▶ [Information shown]:

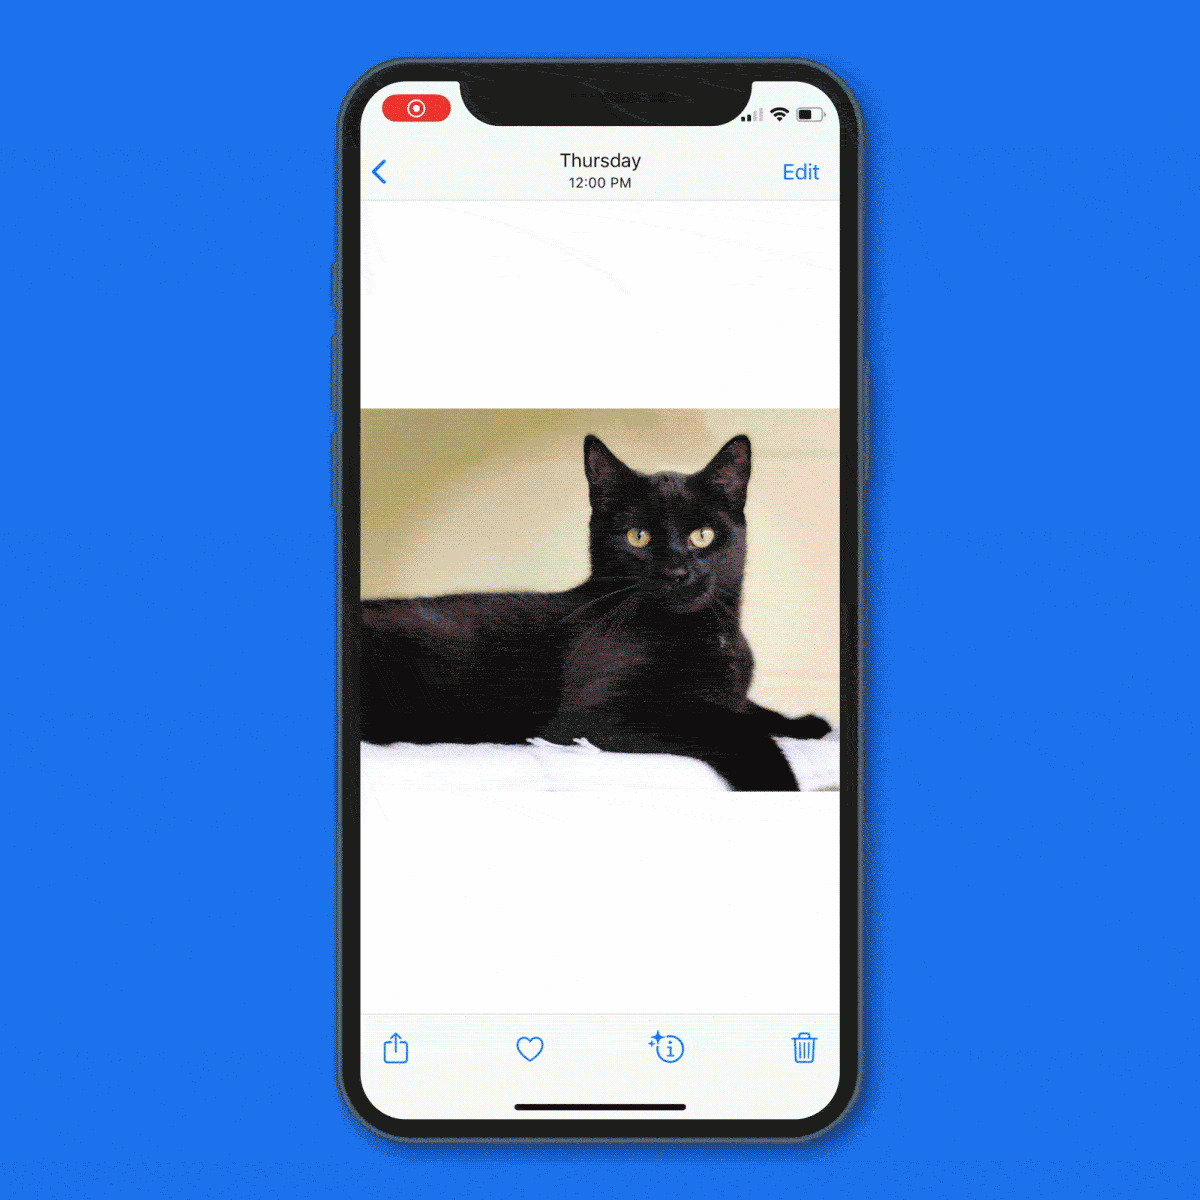 Using a photo in your Photos app
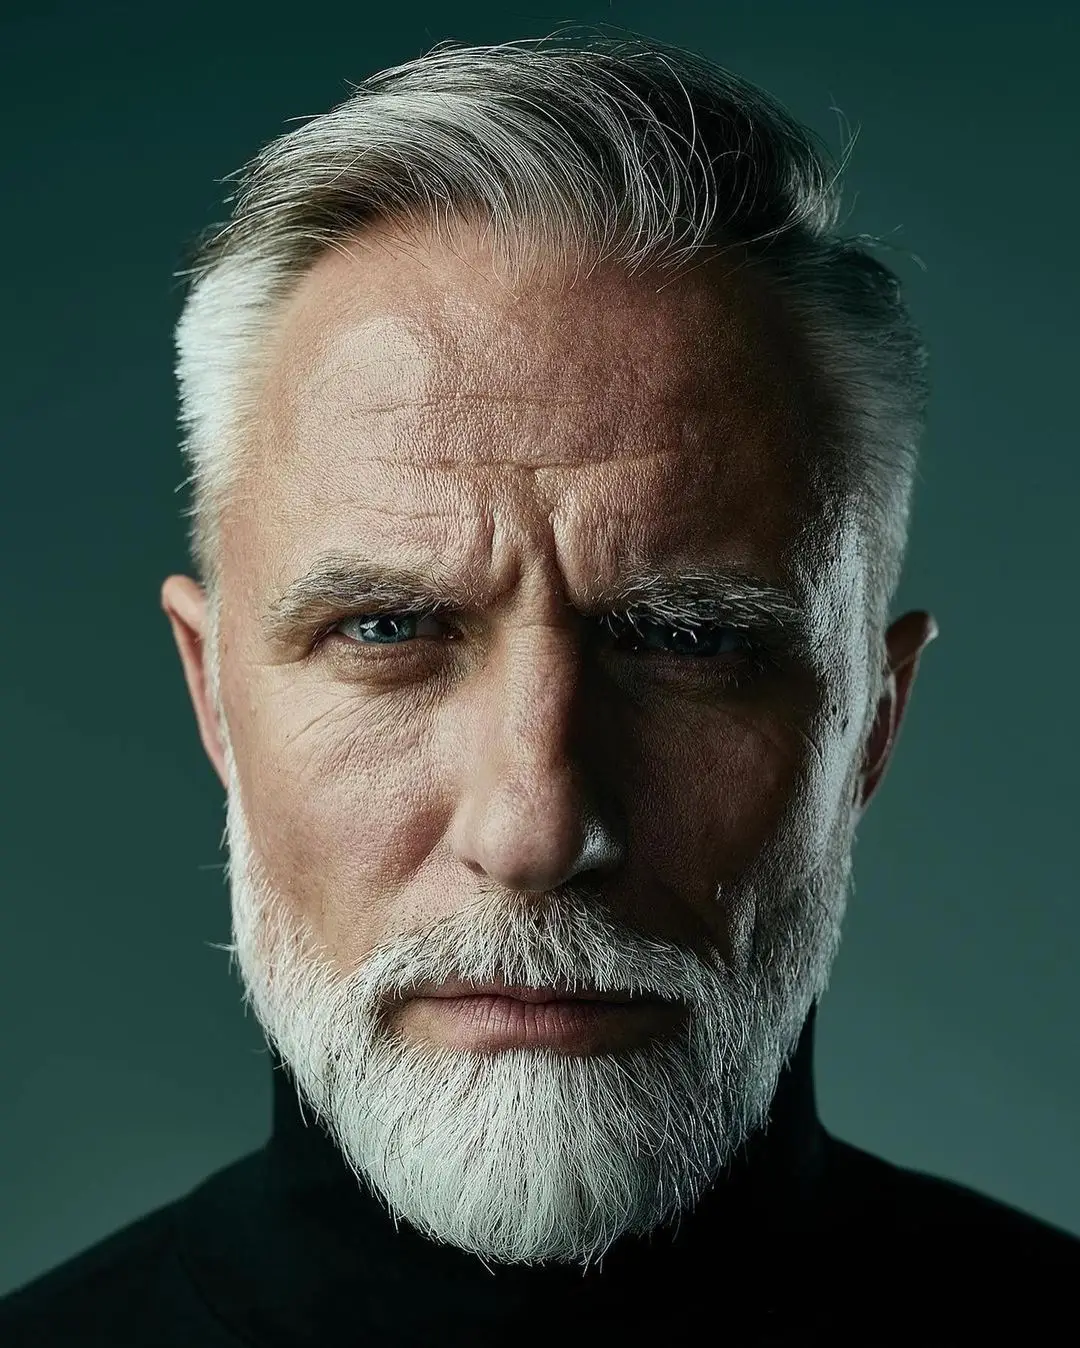 28 Silver Foxes That Will Definitely Persuade You to Date an Older Man ...
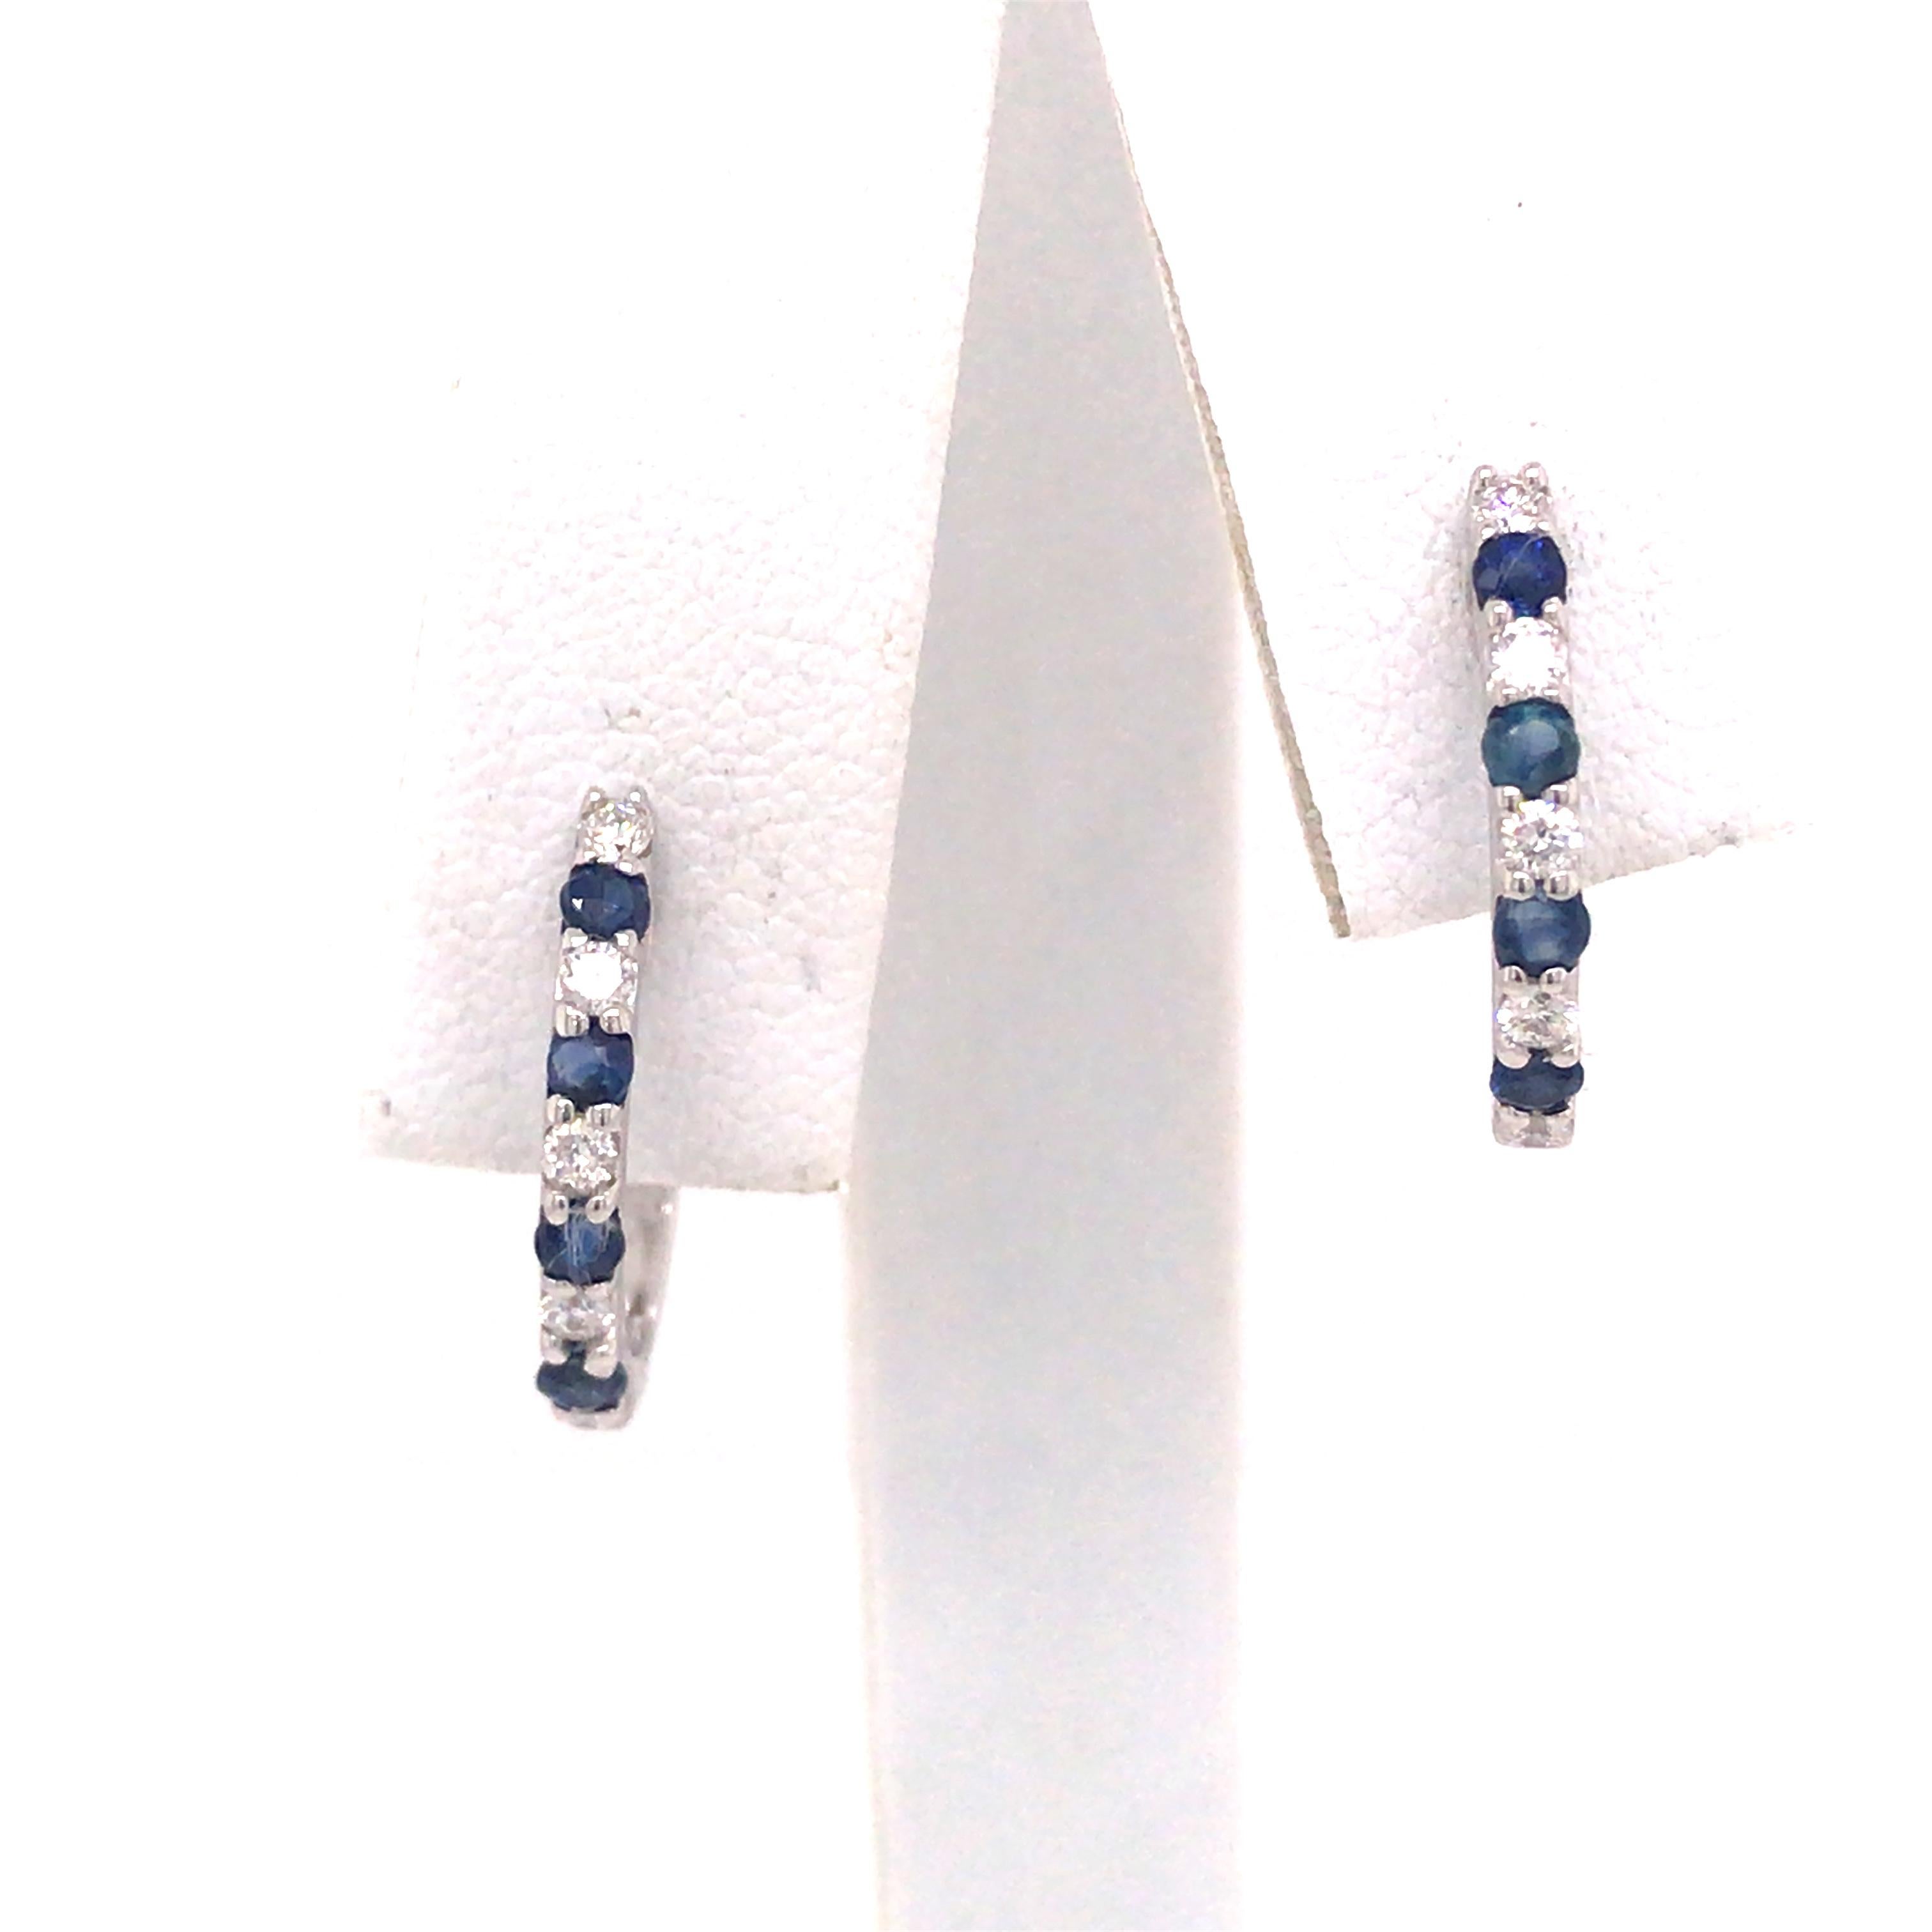 Diamond and Sapphire Huggie Earrings in 14K White Gold.  Round Brilliant Cut Diamonds weighing .18 carat total weight, G-H in color and VS-SI in clarity are expertly set alternating with Sapphire Gemstones.  The Earrings measure 5/8 inch in

▶ [Required work]: Everything in the material goes into the copy exactly, except the images.

▶ [Response area]:
 Using a photo in your Photos app
 28 Silver Foxes That Will Definitely Persuade You to Date an Older Man ...
 Diamond and Sapphire Huggie Earrings in 14K White Gold.  Round Brilliant Cut Diamonds weighing .18 carat total weight, G-H in color and VS-SI in clarity are expertly set alternating with Sapphire Gemstones.  The Earrings measure 5/8 inch in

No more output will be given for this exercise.